Week 12 Flashcards
Regression is?
- More Fiddly than other methods
- Has more assumptions
Why do Linear Regression
- Not looking at differences
- Looking at relationships
- Regression goes further than correlation - Allows us to make predictions
- Produces a model that allows for sophisticated exploration of relationships in variables
In Second Year Stats
- Looked at relationships - Correlation
- Differences Between Groups and Within-Groups
- Used t-tests and aNOVAs
- Variation in Dependent Variable
Correlation
Allows us to estimate direction and strength of a linear relationship
Why do Linear Regression
- How well will a set of variables predict an outcome?
- Which variable in a set of variables is the best predictor of an outcome?

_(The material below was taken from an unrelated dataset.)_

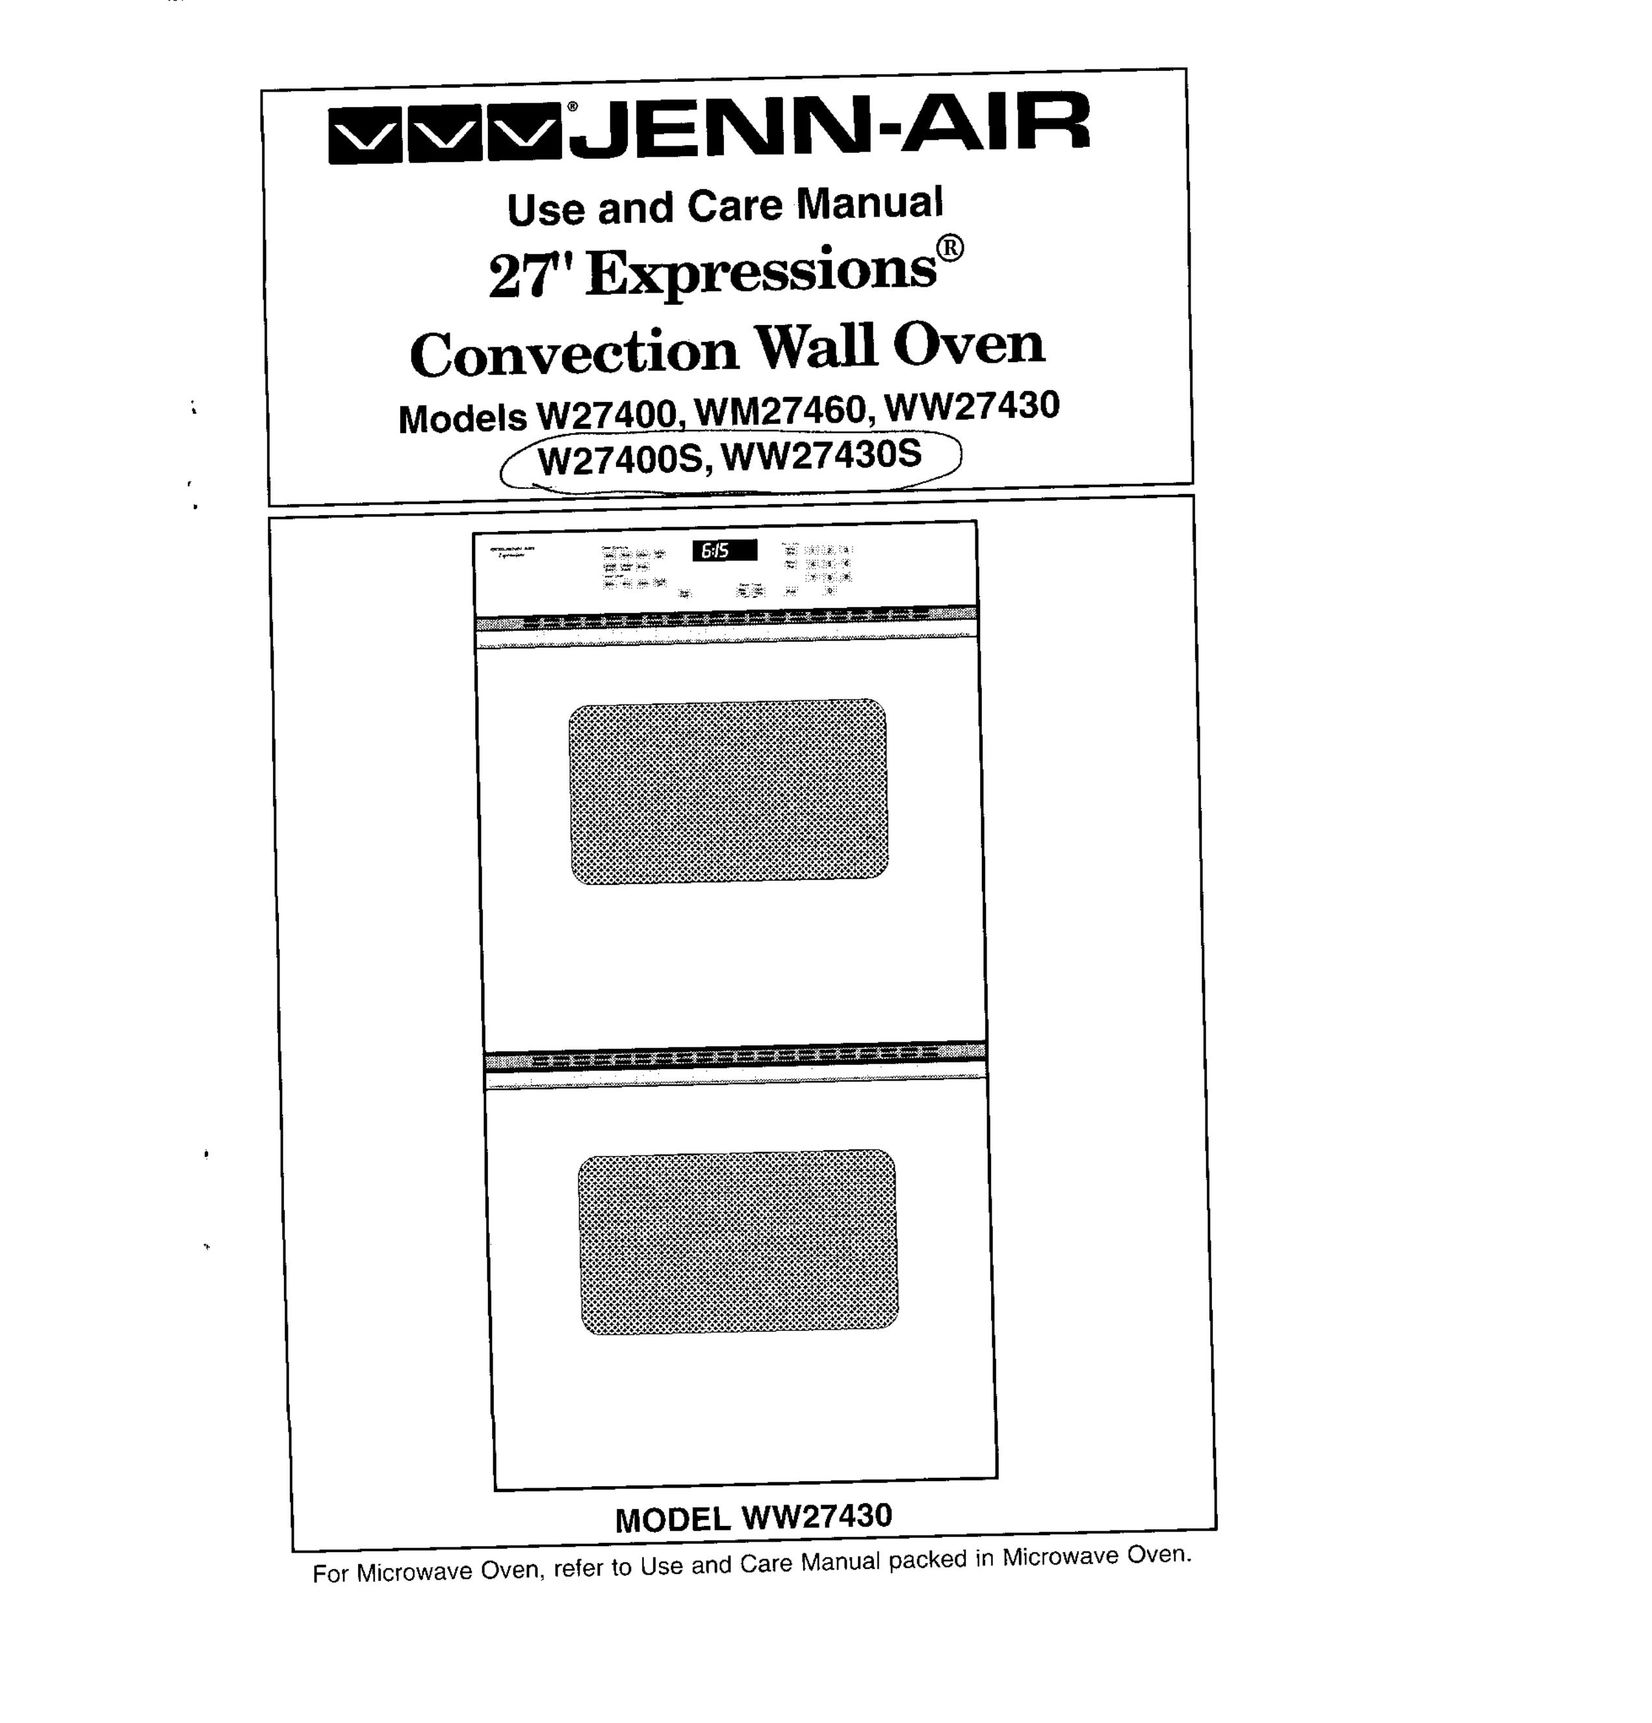 Jenn-Air WM27460 Double Oven User Manual

- Does a particular predictor variable predict an outcome if another variable is controlled for?
Predictor Variable
Same as Independent Variable in Regression
Outcome Variable
The same as the Dependent Variable in Regression
What is a Model?
- An approximation to the actual data
- simple summary of data
- Makes data easier to interpret, communicate
- Allows us to predict data
What is a Regression Model
Mathematically Describes the linear relationship
* Y = Beta X + C
* Y = Predicted valuus of the DV
* Beta = The slope of the line
* X = Scores on the Predictor (IV)
* C = The Intercept
The Intercept
- Point where the function crosses the y-axis.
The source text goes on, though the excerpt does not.